On May 5, 2018 2:58 PM, Noel Kuntze <noel.kuntze+strongswan-users-ml at thermi.consulting> wrote:

> The routing table is irrelevant here.
> 
> You need to configure leftsubnet and rightsubnet corresponding to your requirements, so the traffic you want to tunnel is permitted.
> 
> On 05.05.2018 04:58, Arab Abdulla wrote:
> 
> > Hello Phil,
> > 
> > > Client 1 send the packet addressed for 8.8.4.4, and the server receives it. Now the server doesn't know about the routing tables on client 1: it only knows it has this packet addressed to 8.8.4.4. How does the server know a packet for 8.8.4.4 should go through client 2?
> > 
> > It seems it's the root of the problem. Why the server does not know? Why gateway is not used? My routing on client 1 is:
> > 
> > root at ubuntu1604:~# ip r g 8.8.4.4
> > 
> > 8.8.4.4 via 10.10.3.1 dev ipsec2  src 10.10.2.1
> > 
> >     cache
> > 
> > So, IPSEC should incapsulate its destination and sends traffic to 10.10.3.1, is not it? But, instead, on server I see (49 is client 1 and 47 is server):
> > 
> > 19:38:57.180893 IP 10.2.0.49.4500 > 10.2.0.47.4500: UDP-encap: ESP(spi=0xc3d23f24,seq=0xc), length 120
> > 
> > 19:38:57.180981 IP 10.10.2.1 > 8.8.4.4: ICMP echo request, id 13060, seq 12, length 64
> > 
> > Where is my mistake?
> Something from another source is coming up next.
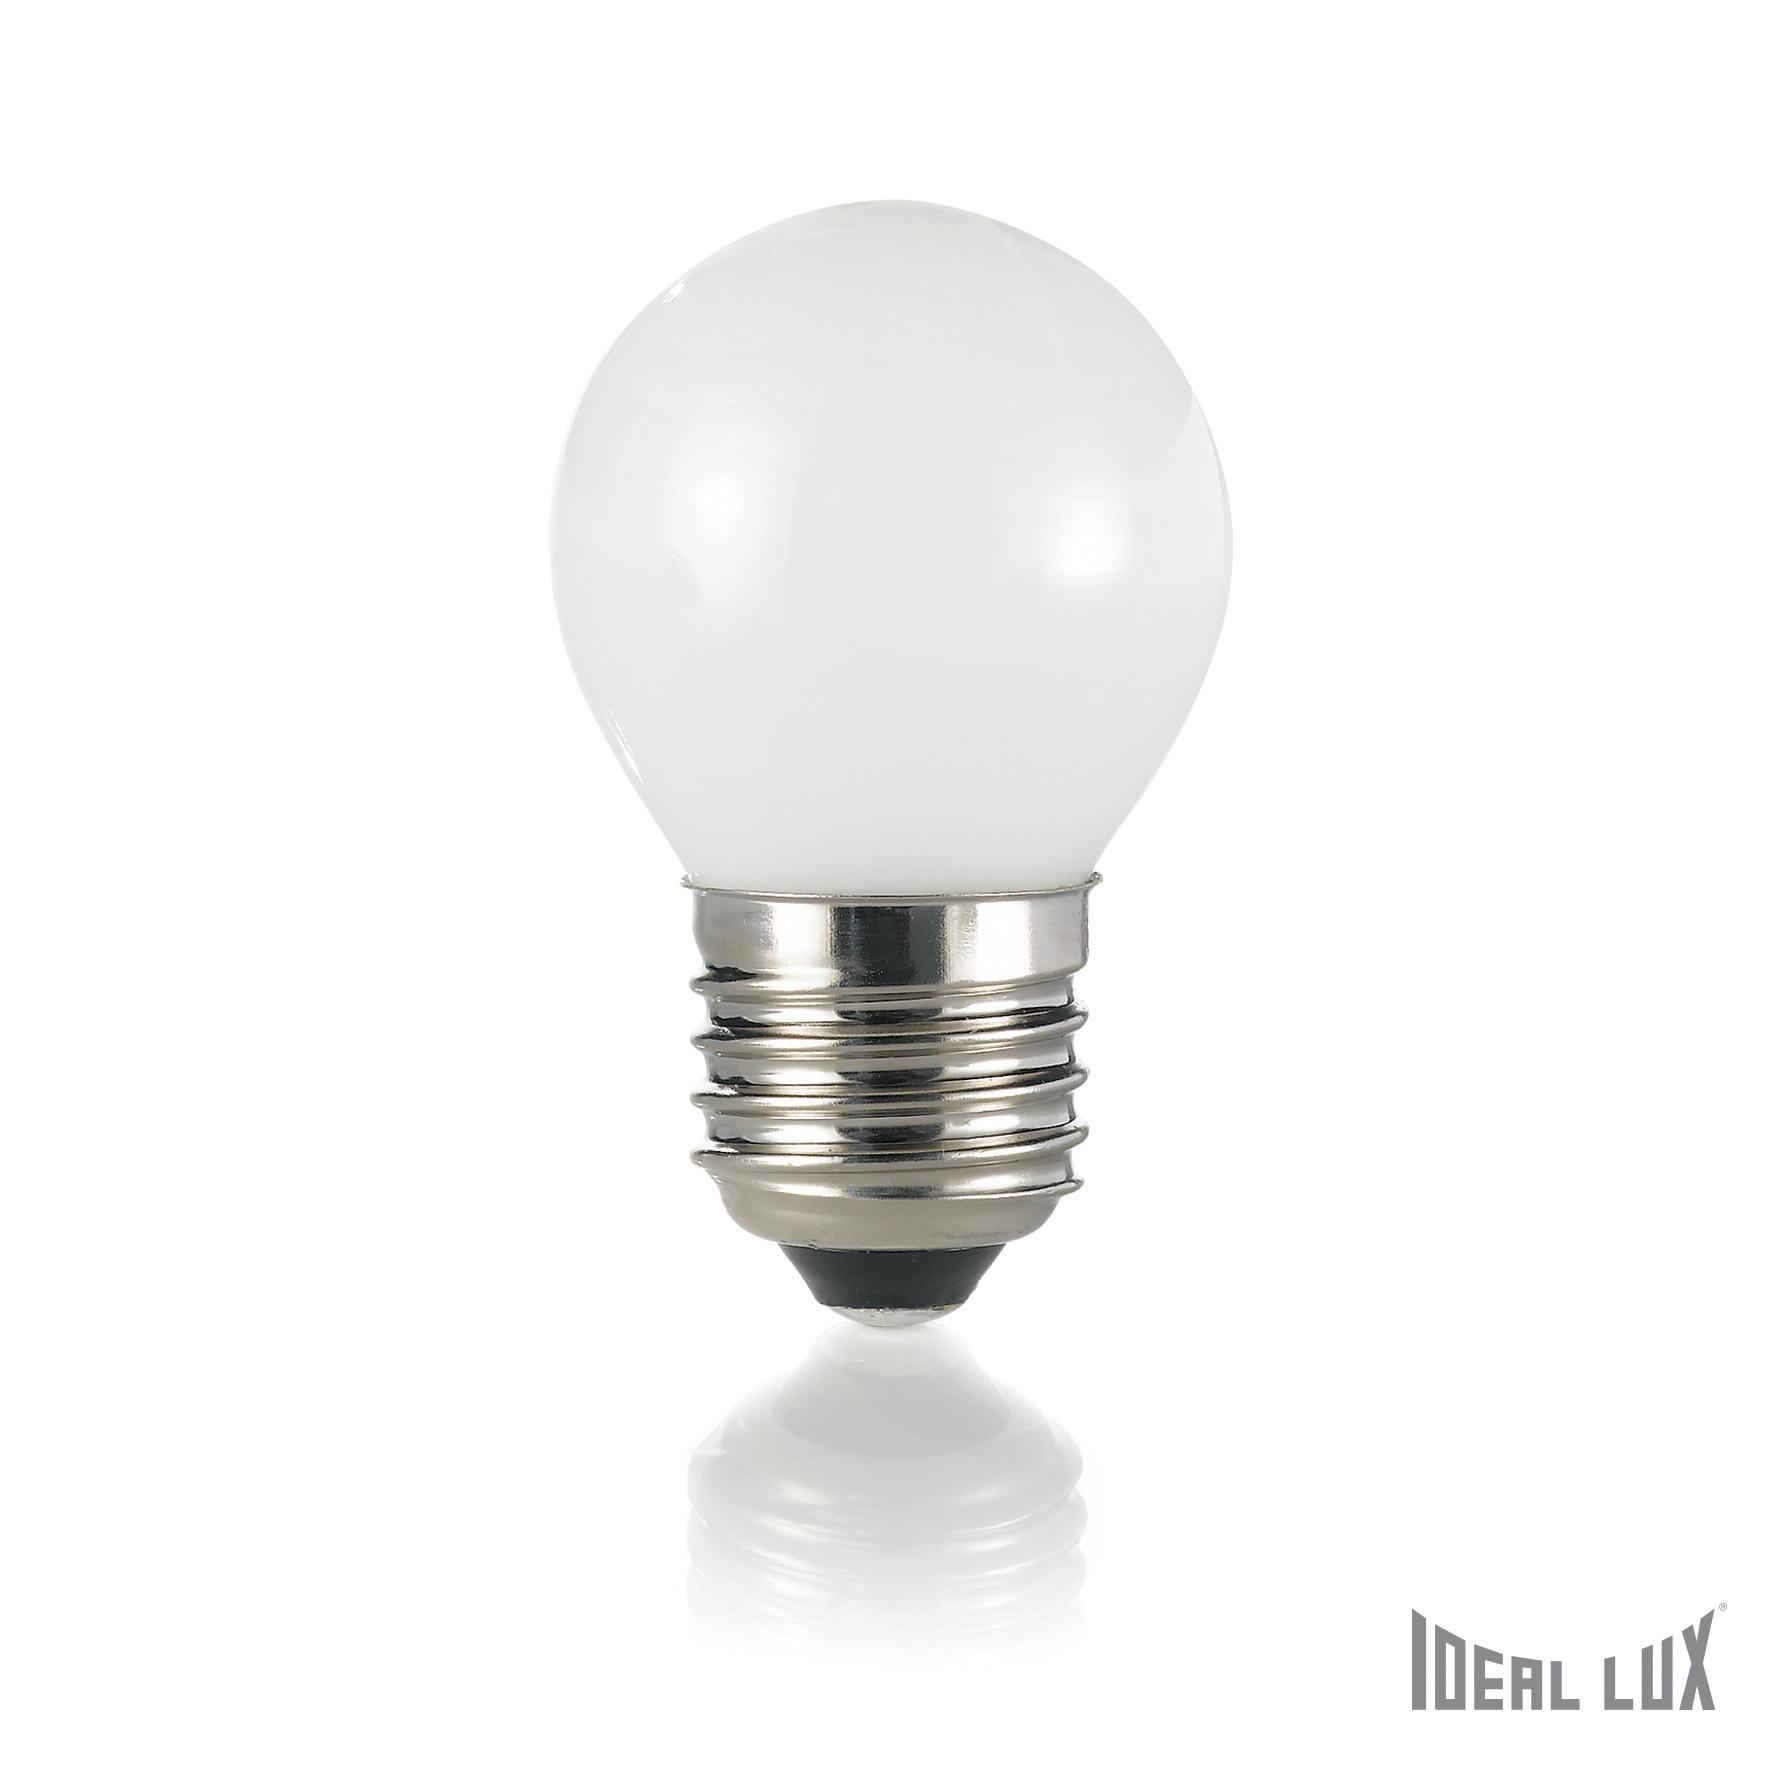 Bec LED E27 Sfera-Alb imagine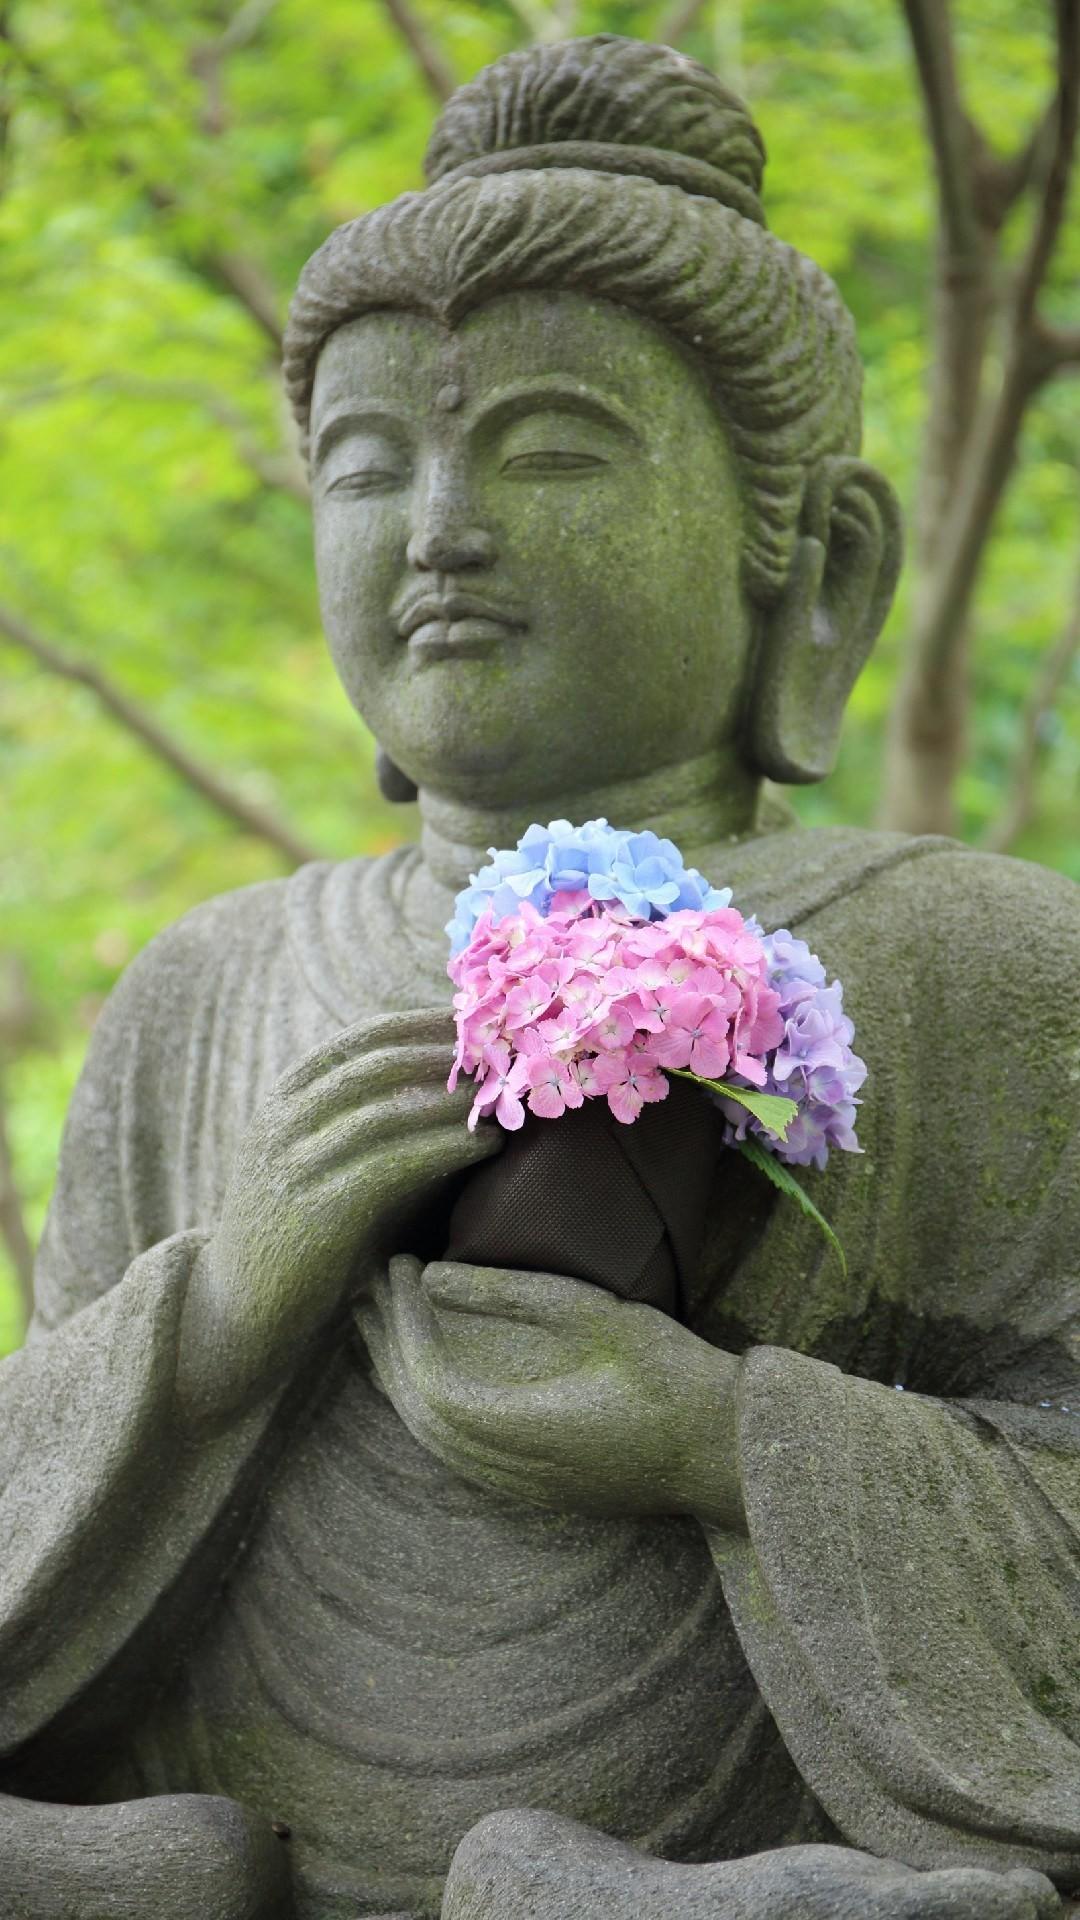 1080x1920, Buddha With Flowers Phone Wallpaper Lockscreen - Wallpaper , HD Wallpaper & Backgrounds

How should I re-configure it?
> > 
> > > You can check the server routing tables with "ip route get 8.8.4.4", or perhaps "ip route get 8.8.4.4 from 10.1.2.1 http://10.1.2.1: what's it say? Does it show the server thinks the next hop should be 10.1.3.1?
> > 
> > Still do not understand why no encapsulation in IPSEC and why server routing table matters.
> > 
> > > Reverse path filtering is another thing that can be a problem in scenarios like this, especially if client 1 has some IP address other than 10.1.2.1, and is not using 10.1.2.1 as the source address for the packets it sends destined for the internet. the log_martians and rp_filter sysctls are something to check. I've spent more than a few hours racking my brain as to why packets are "just disappearing" before remembering reverse path filtering.
> > 
> > I tried it before, not related.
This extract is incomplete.